Output the lines of the entries below beginning at the one with "martian meteorite - NWA 2975 13.jpg" and ending with the last, exactly as written and without pictures.

::::::::

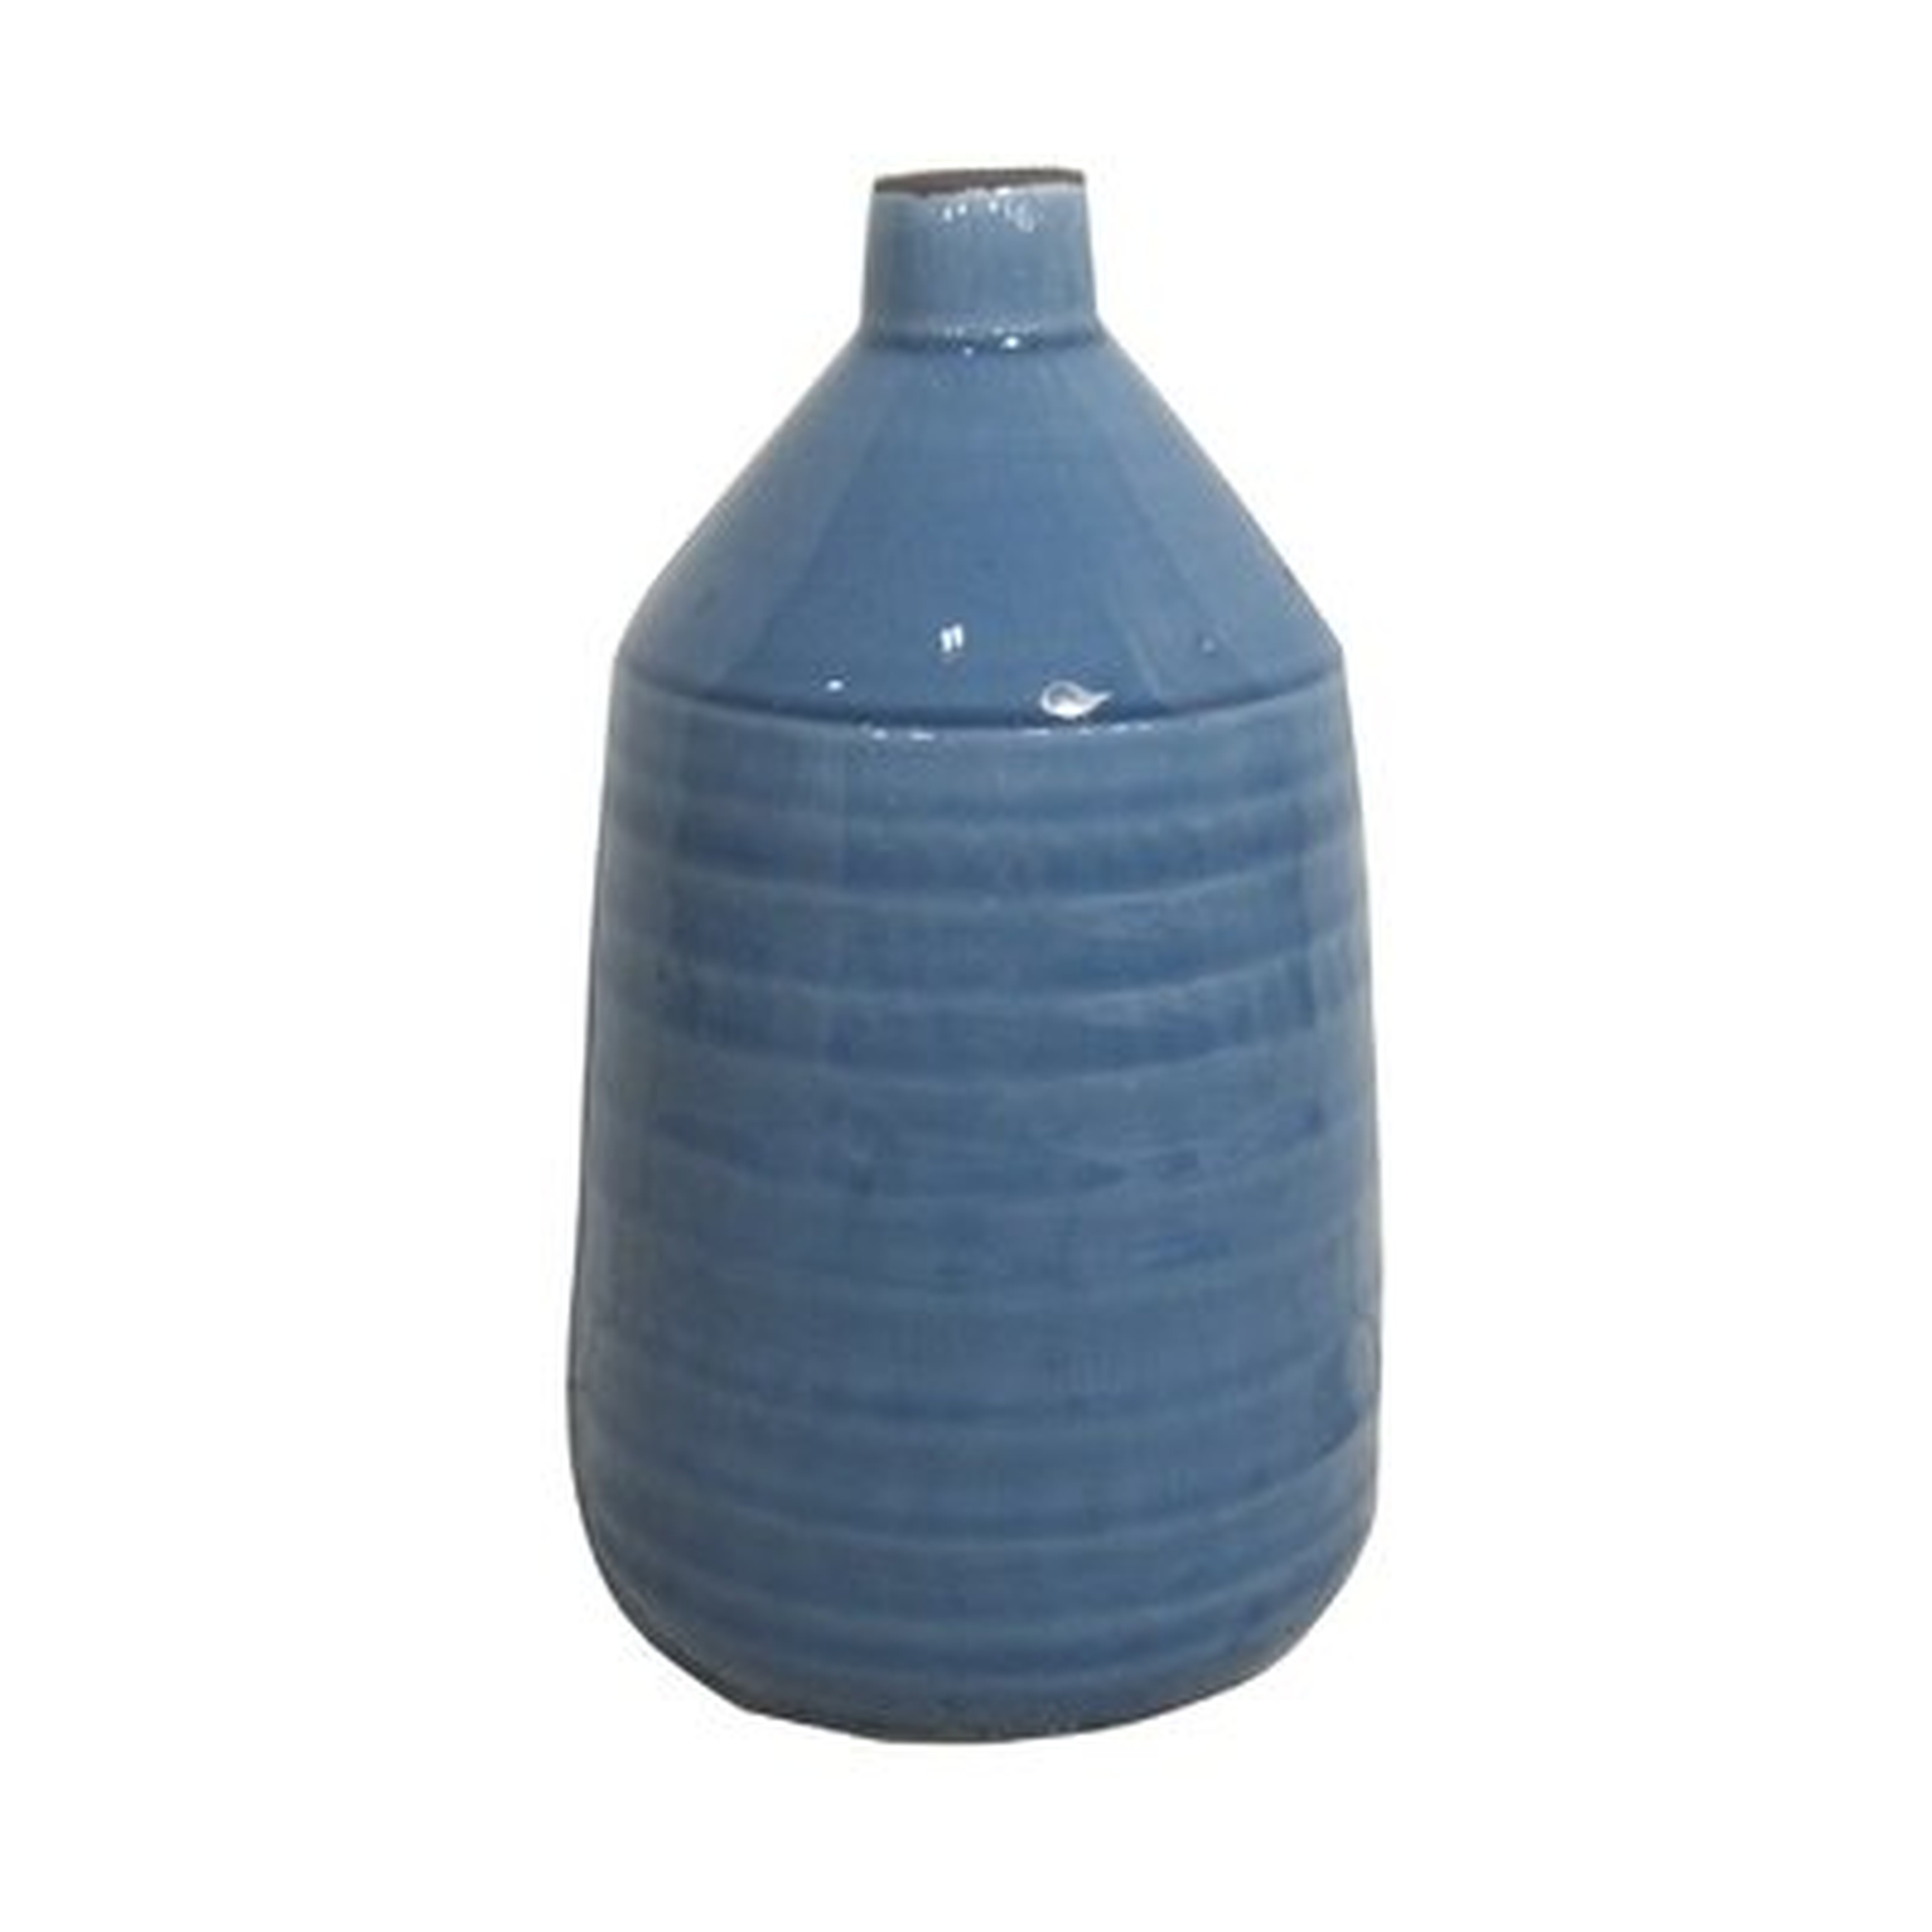 Bigler Ceramic Table Vase - Wayfair
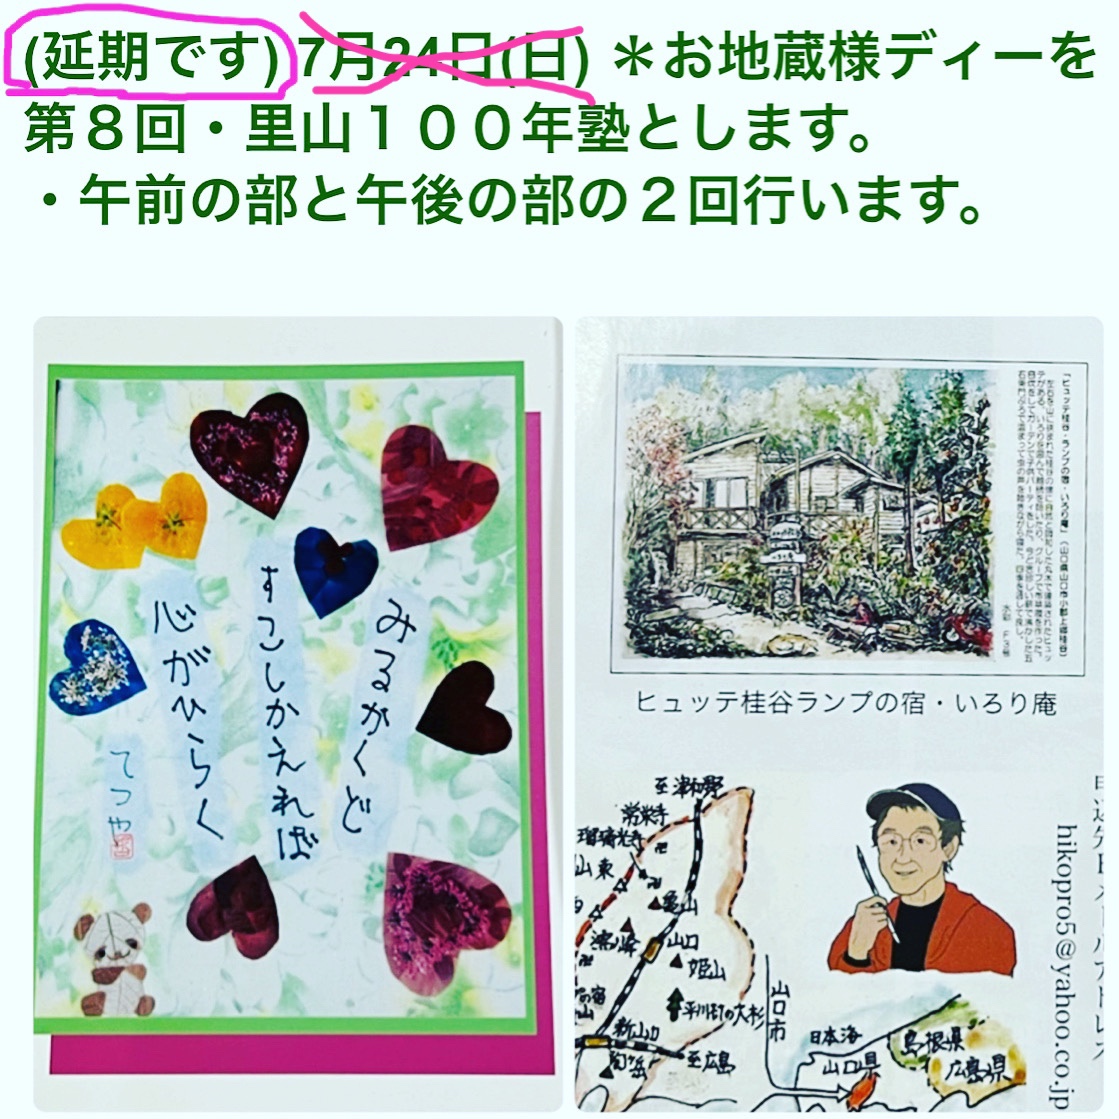 岡﨑悦子さん哲也君作の絵葉書と、香川彦一さんの描かれたランプの宿(水彩画)
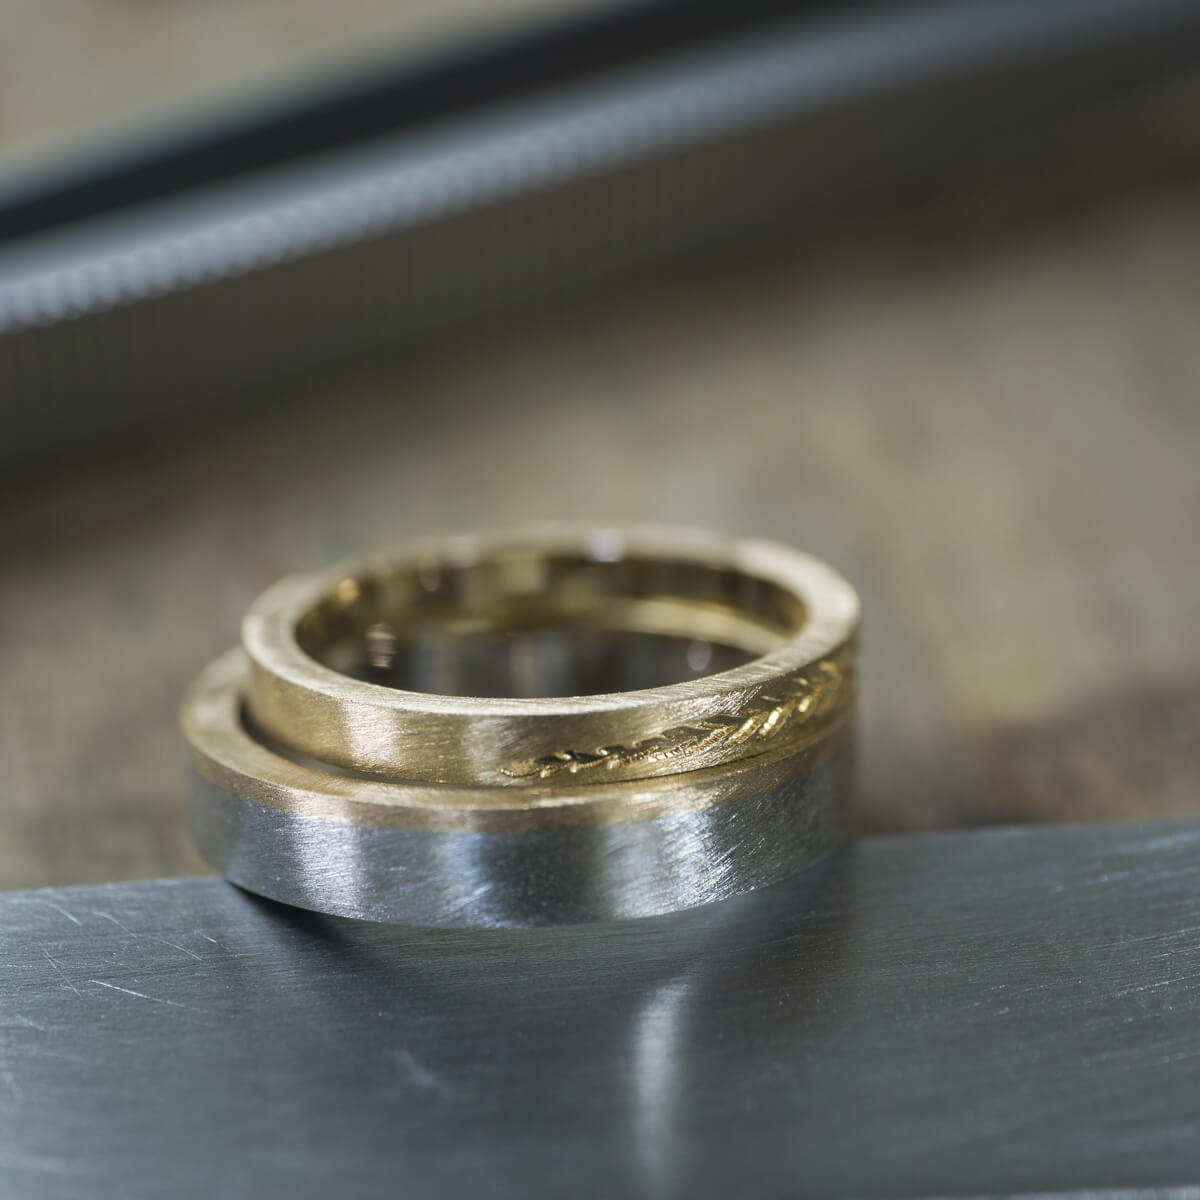 オーダーメイド結婚指輪の制作風景　ジュエリーのアトリエ　屋久島のシダモチーフ　ゴールド、プラチナ　屋久島でつくる結婚指輪
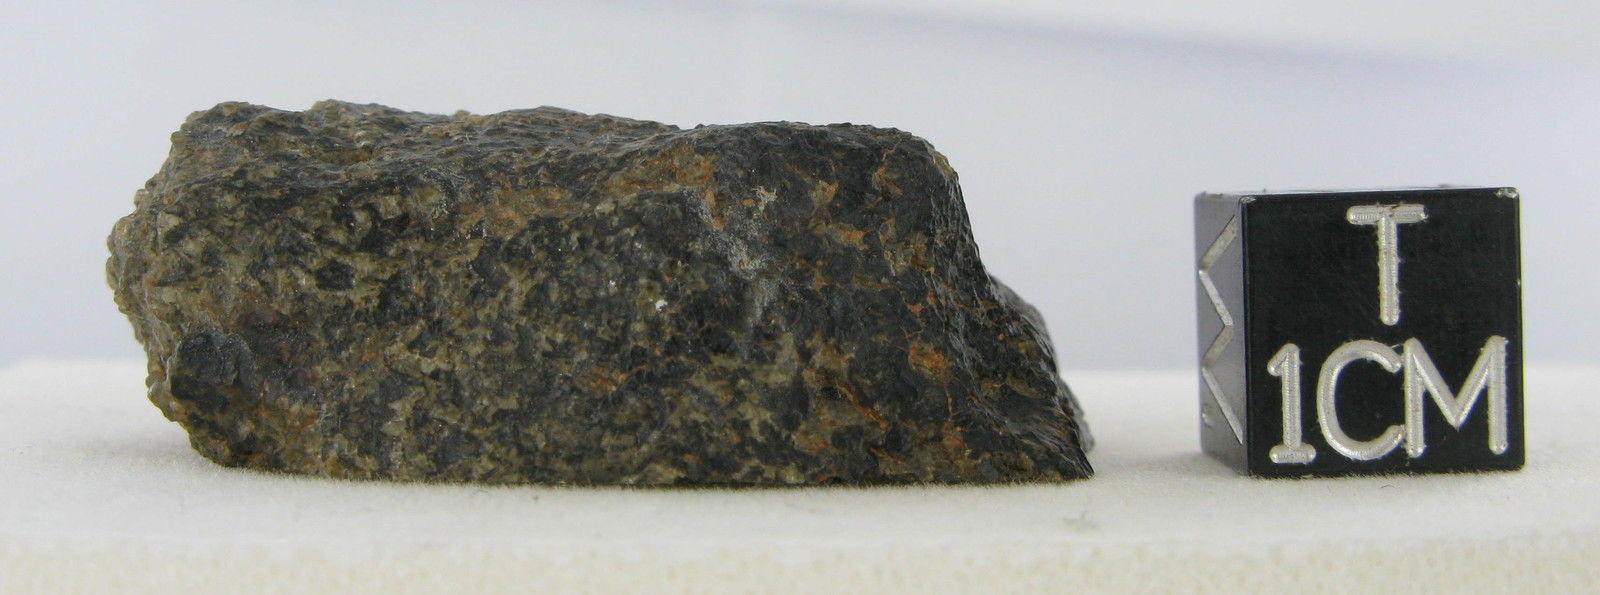 martian meteorite - NWA 2975 13.jpg
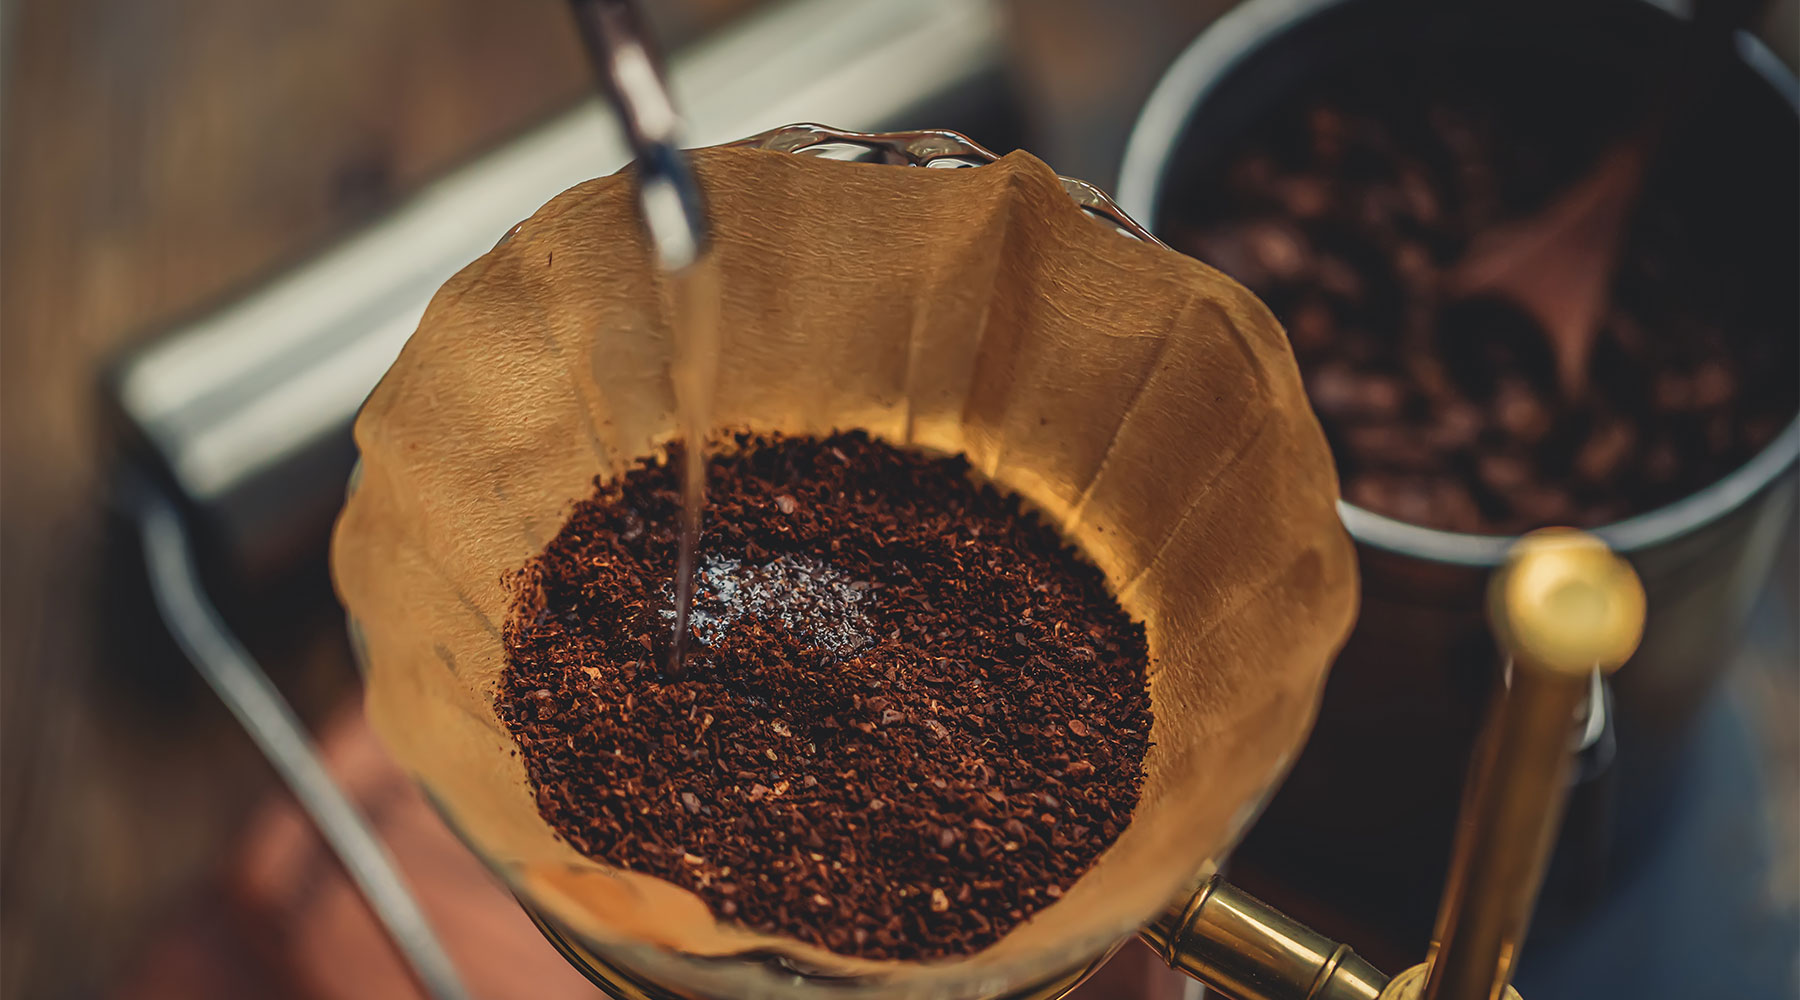 Filtre kahve yapımı ve filtre kahve demleme yöntemlerine dair detaylı bilgilendirme ve demleme rehberi bu makalede yer almaktadır.

::::::::

→ **Task solution**:
 martian meteorite - NWA 2975 13.jpg
 Filtre kahve yapımı ve filtre kahve demleme yöntemlerine dair detaylı bilgilendirme ve demleme rehberi bu makalede yer almaktadır.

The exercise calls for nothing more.